The medical term pheochromocytoma describes a tumor, usually noncancerous, that forms in the adrenal gland, a small hormone-producing organ found on top of each kidney. These glands produce several hormones important to metabolism including adrenaline, also called epinephrine, and noradrenaline, also called norepinephrine. A pheochromocytoma causes the adrenal glands to produce too much adrenaline and noradrenaline which increase your metabolism to prepare your body for stress. The symptoms include increased heart rate, increased blood pressure, anxiety and profound sweating that at night causes night sweats.

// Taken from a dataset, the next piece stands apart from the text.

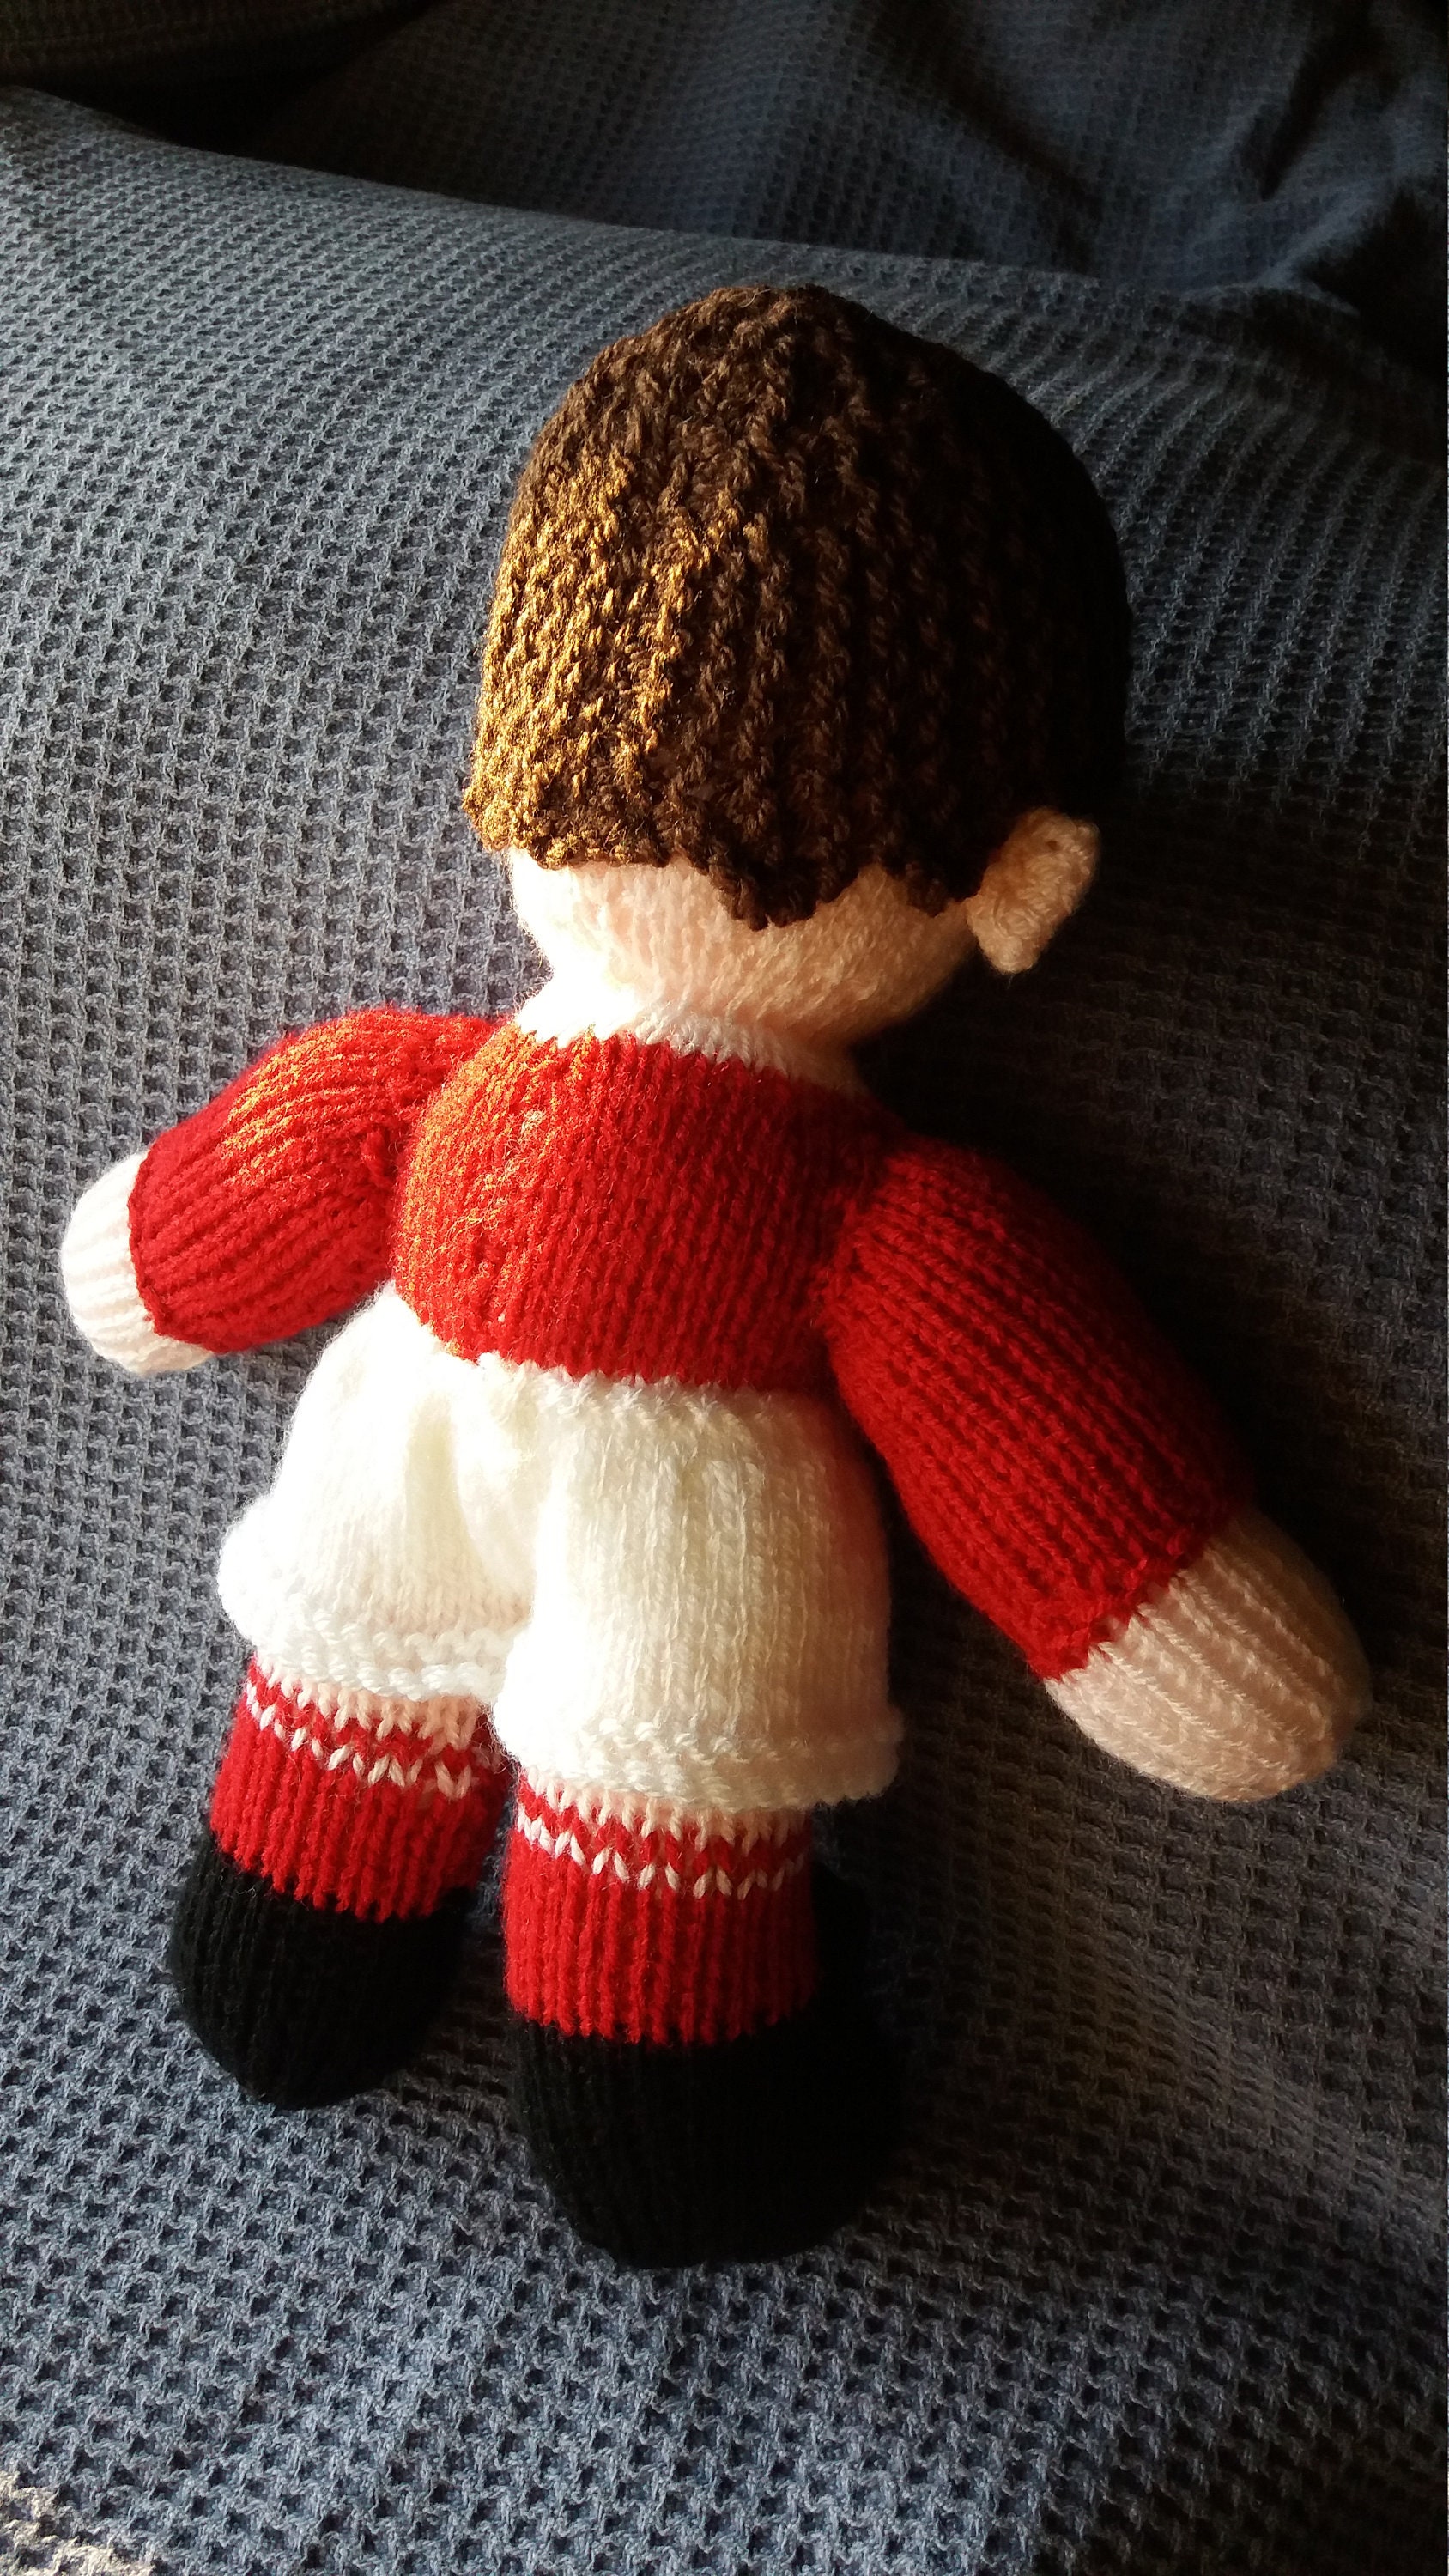 Unique Gift footballer soccer boy doll Hand Knitted football Doll soft Toy 
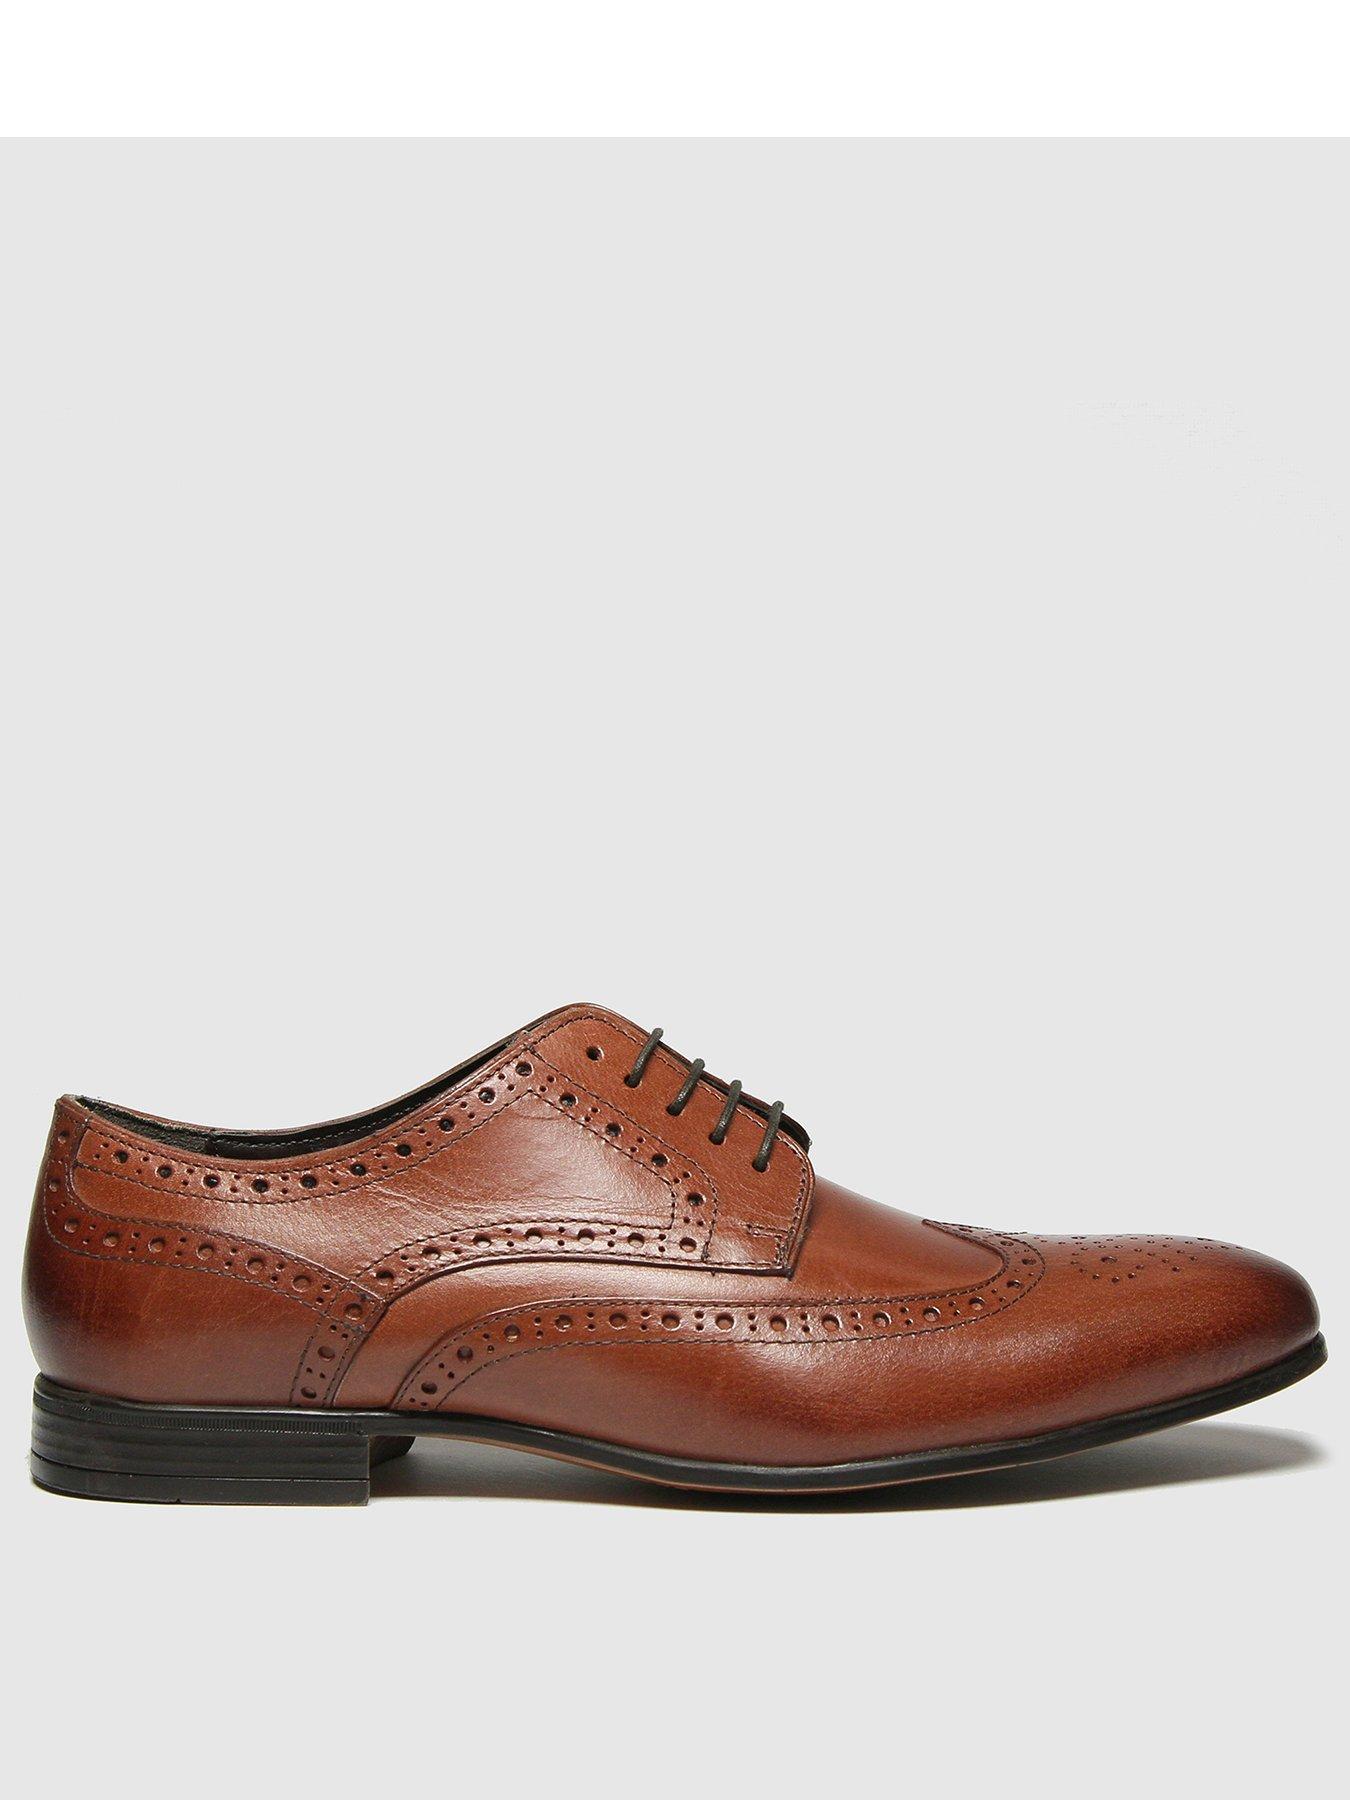 Shoes & boots Rowen Leather Brogue

When bacteria invade your body, the cells of your immune system attack the bacteria to protect your body from disease. While some white blood cells scavenge and consume the bacteria and other white cells begin to produce antibodies, your body tries to slow the growth of the bacteria by stimulating metabolism to increase body temperature. The increase in temperature causes a fever and can result in night sweats. Bacterial infections commonly associated with night sweats include tuberculosis, brucellosis, endocarditis and osteomyelitis.